Hi all!

I look for the most efficient, differentiable way for a 3D PointCloud matrix with shape (1024,3) to find the vector containing the pairwise distances (shape: (1024x1024,1).

Currently, I use this:

```
x = torch.ones(1024, 3, requires_grad=True)
pdist = nn.PairwiseDistance(p=2, keepdim=True)
out = torch.cat ([ pdist(x[n], x[i]) for n in range (len (x)) for i in range (len (x))])
```

which is not differentiable:

```
torch.autograd.grad(out.sum(), x)[0]
RuntimeError Traceback (most recent call last)
/tmp/ipykernel_1030593/3913672061.py in <module>
----> 1 torch.autograd.grad(out.sum(), x)[0]
~/miniconda3/envs/test_torch/lib/python3.7/site-packages/torch/autograd/__init__.py in grad(outputs, inputs, grad_outputs, retain_graph, create_graph, only_inputs, allow_unused, is_grads_batched)
300 return Variable._execution_engine.run_backward( # Calls into the C++ engine to run the backward pass
301 t_outputs, grad_outputs_, retain_graph, create_graph, t_inputs,
--> 302 allow_unused, accumulate_grad=False) # Calls into the C++ engine to run the backward pass
303
304
RuntimeError: element 0 of tensors does not require grad and does not have a grad_fn
```

Thank you so much!

Your code works for me:

```
x = torch.ones(10, 3, requires_grad=True)
pdist = nn.PairwiseDistance(p=2, keepdim=True)
out = torch.cat ([ pdist(x[n], x[i]) for n in range (len (x)) for i in range (len (x))])
out.mean().backward()
print(x.grad)
# tensor([[ 9.3132e-10, 9.3132e-10, 9.3132e-10],
# [ 9.3132e-10, 9.3132e-10, 9.3132e-10],
# [ 9.3132e-10, 9.3132e-10, 9.3132e-10],
# [ 9.3132e-10, 9.3132e-10, 9.3132e-10],
# [-9.3132e-10, -9.3132e-10, -9.3132e-10],
# [-9.3132e-10, -9.3132e-10, -9.3132e-10],
# [-9.3132e-10, -9.3132e-10, -9.3132e-10],
# [-9.3132e-10, -9.3132e-10, -9.3132e-10],
# [-9.3132e-10, -9.3132e-10, -9.3132e-10],
# [-9.3132e-10, -9.3132e-10, -9.3132e-10]])
```

1 Like

I think I forgot the `requires_grad=True`

line in my original code … ^^

Thank you Patrick!

As a side question, do you know if there is a more efficient (built-in) way to a arrive at this point wise distance for x?
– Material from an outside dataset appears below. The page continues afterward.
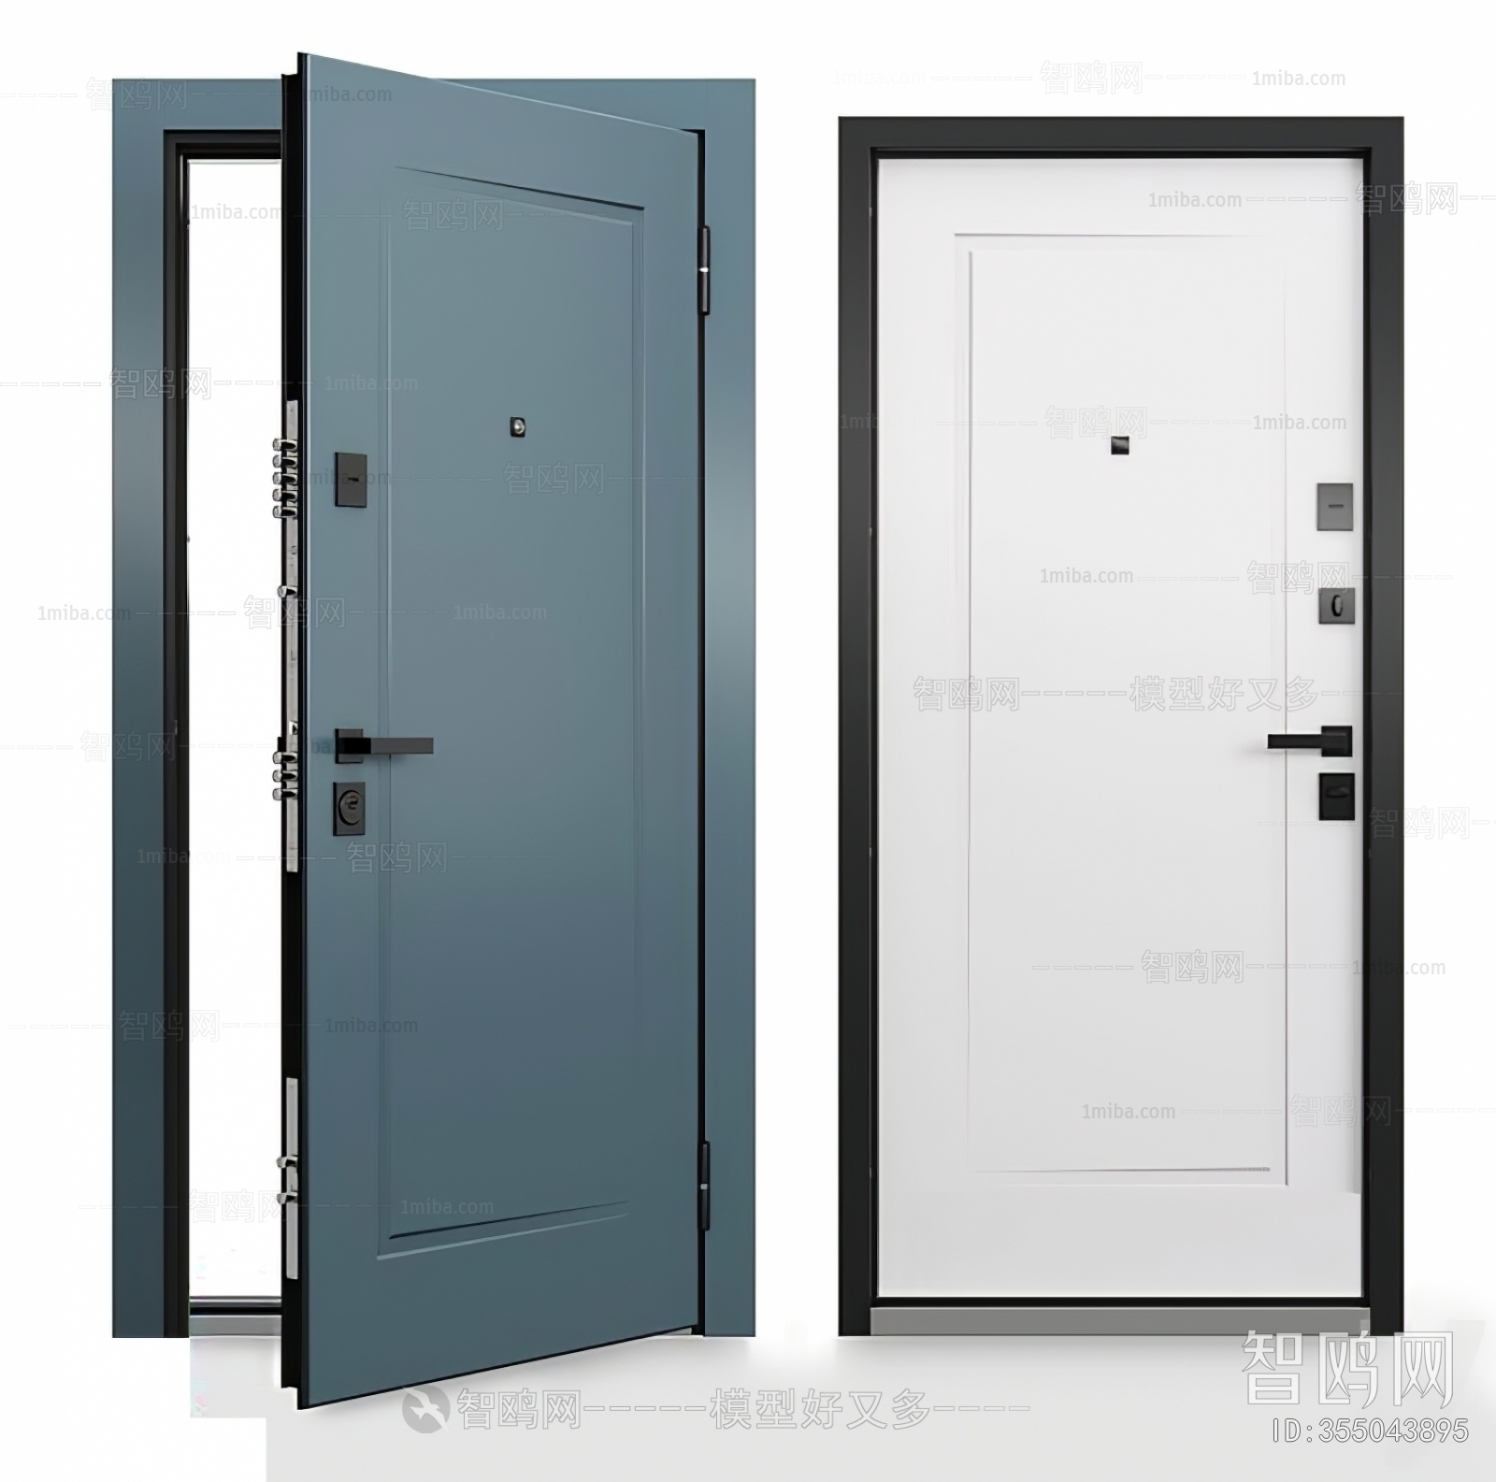 Modern Industrial Style Single Door

Yes, you could add dimensions and allow broadcasting to avoid the for loop:

```
x = torch.randn(10, 3, requires_grad=True)
pdist = nn.PairwiseDistance(p=2, keepdim=True)
ref = torch.cat ([ pdist(x[n], x[i]) for n in range (len (x)) for i in range (len (x))])
out = pdist(x.unsqueeze(1), x.unsqueeze(0))
out = out.view(-1)
print((out - ref).abs().max())
# tensor(0., grad_fn=<MaxBackward1>)
```

1 Like

Oh wow, that is amazing! Does this technique have a specific name or can I find more information on that in the PyTorch documentation? The computation time is now seconds instead of minutes

I would refer to it as `broadcasting`

and the ability to execute operators on batched inputs. This doc explains it a bit more and also links to the numpy docs, which has more examples.